Daniel Clair, chairman, Department of Vascular Surgery, The Cleveland Clinic Foundation, presented at the TCT congress twelve-month clinical endpoint data from the ORION trial, which demonstrated robust safety and effectiveness outcomes for the Epic Self-Expanding Nitinol Stent System (Boston Scientific) in patients with iliac artery disease.
“Following the recent presentation of our nine-month data, the 12-month ORION data continue to show very strong clinical outcomes,” said Clair, principal investigator of the ORION trial. “The performance of the Epic stent in challenging iliac artery lesions and the long-term demonstration of both safety and efficacy of the Epic stent is another example of our ability to offer patients a durable treatment option for iliac artery disease.”
The prospective, single-arm ORION trial enrolled 125 patients at 28 sites in the United States.
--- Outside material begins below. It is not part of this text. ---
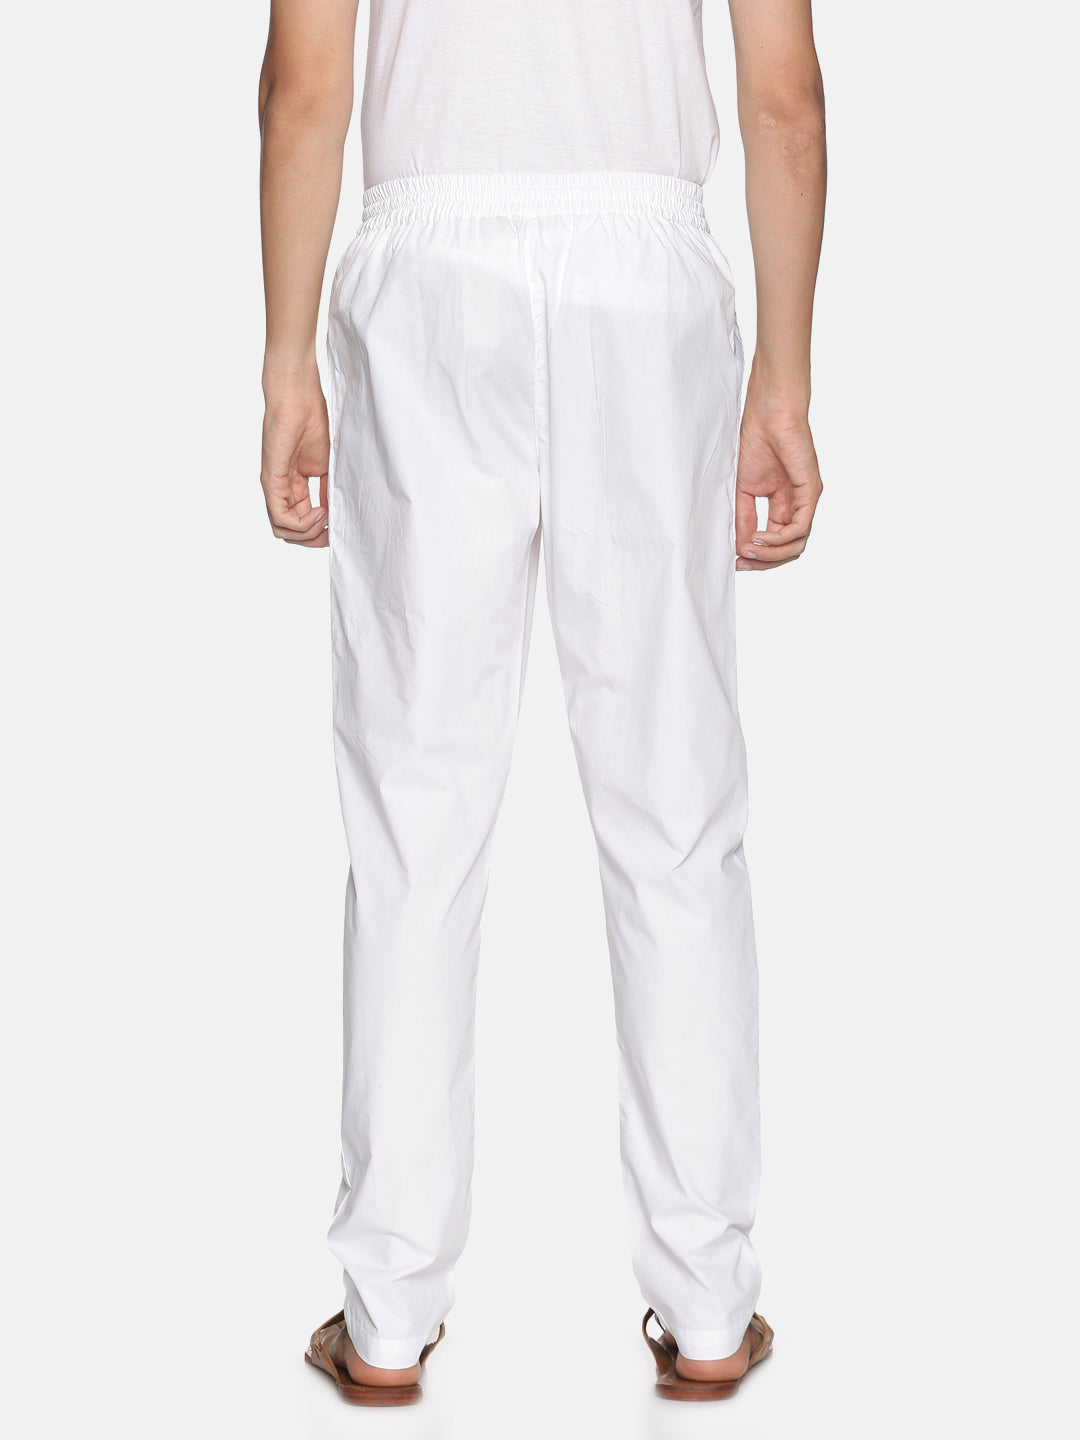 Pack of 2 White & Black Cotton Trousers with Drawstring

The trial previously met its primary endpoint of major adverse events (MAE) at nine months with a rate of 3.4% for the Epic stent compared to a pre-specified performance goal. Major adverse events are defined as death within 30 days, myocardial infarction occurring during hospitalisation, target vessel revascularisation (TVR) through nine months and amputation of the treated limb through nine months. The MAE rate at 12 months was 5.4%, with all MAEs related to TVR. No amputations were reported through the 12-month period.
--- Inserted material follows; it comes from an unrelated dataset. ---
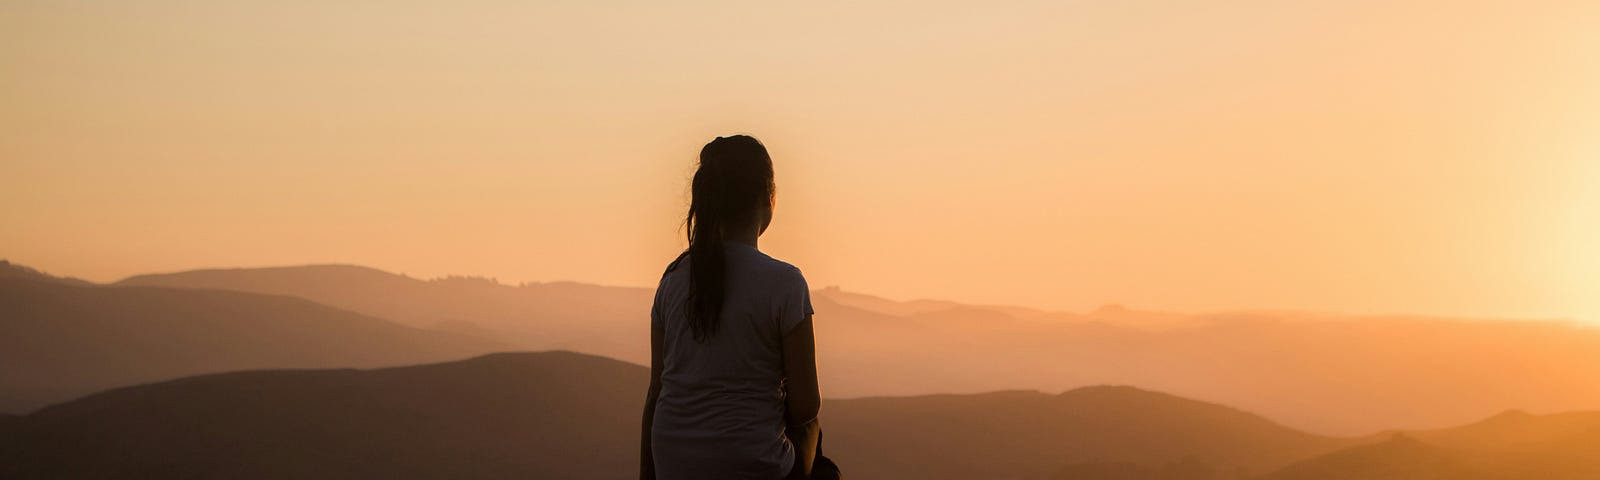 The silhouette of a woman sitting on a bench looking across a range of mountains in the sunset

Duplex ultrasound showed a primary patency of 94.4%, indicating the vast majority of treated lesions remained open through the 12-month follow-up period. Furthermore, outcomes for very complex (TASC C/D) lesions were similar to those reported for less complex (TASC A/B) lesions. Patients experienced significant clinical improvement from baseline to twelve months based on feedback from validated questionnaires evaluating walking distance, speed and stair climbing.
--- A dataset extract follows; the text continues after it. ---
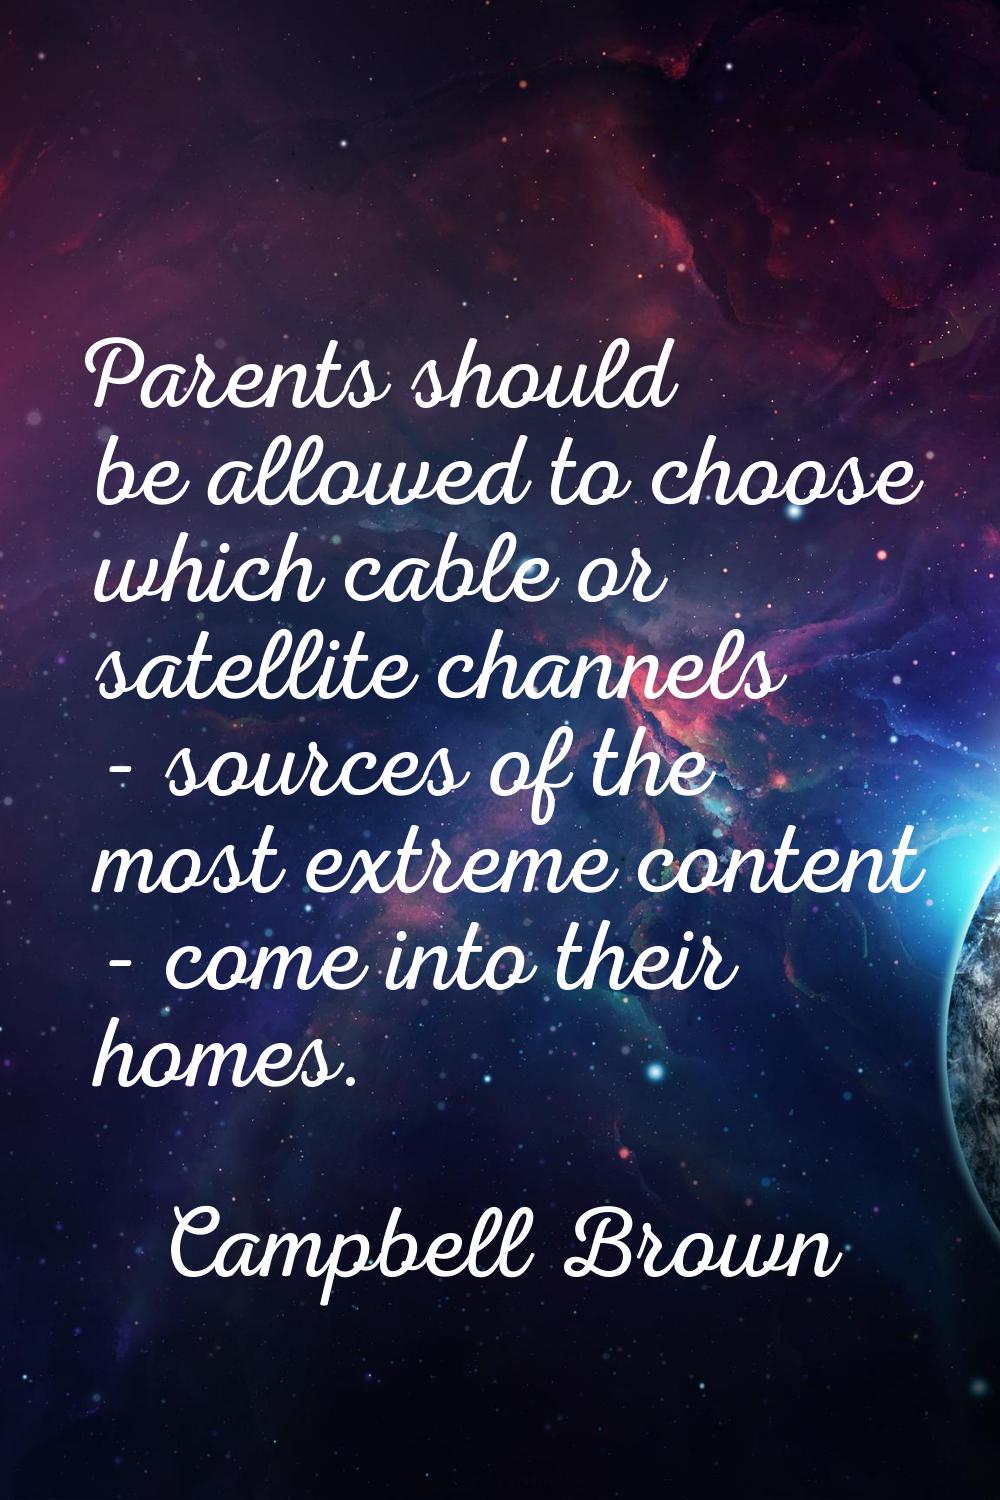 Parents should be allowed to choose which cable or satellite channels - sources of the most extreme

Epic stent and ORION trial
The Epic stent is a self-expanding nitinol stent designed to sustain vessel patency, while providing enhanced visibility and accuracy during placement. It employs an innovative Tandem Architecture, which is engineered to provide excellent stent flexibility while maintaining predictable radial force characteristics across a variety of stent sizes. This stent is compatible with 6F sheaths, and the stent delivery system is compatible with 0.035 inch guidewires.
The ORION clinical data was used to support application for US Food and Drug Administration approval of the Epic Stent System.
The Epic Nitinol Stent System received CE mark approval and was launched in Europe and other international markets in 2009. It was launched in the United States in May of 2012.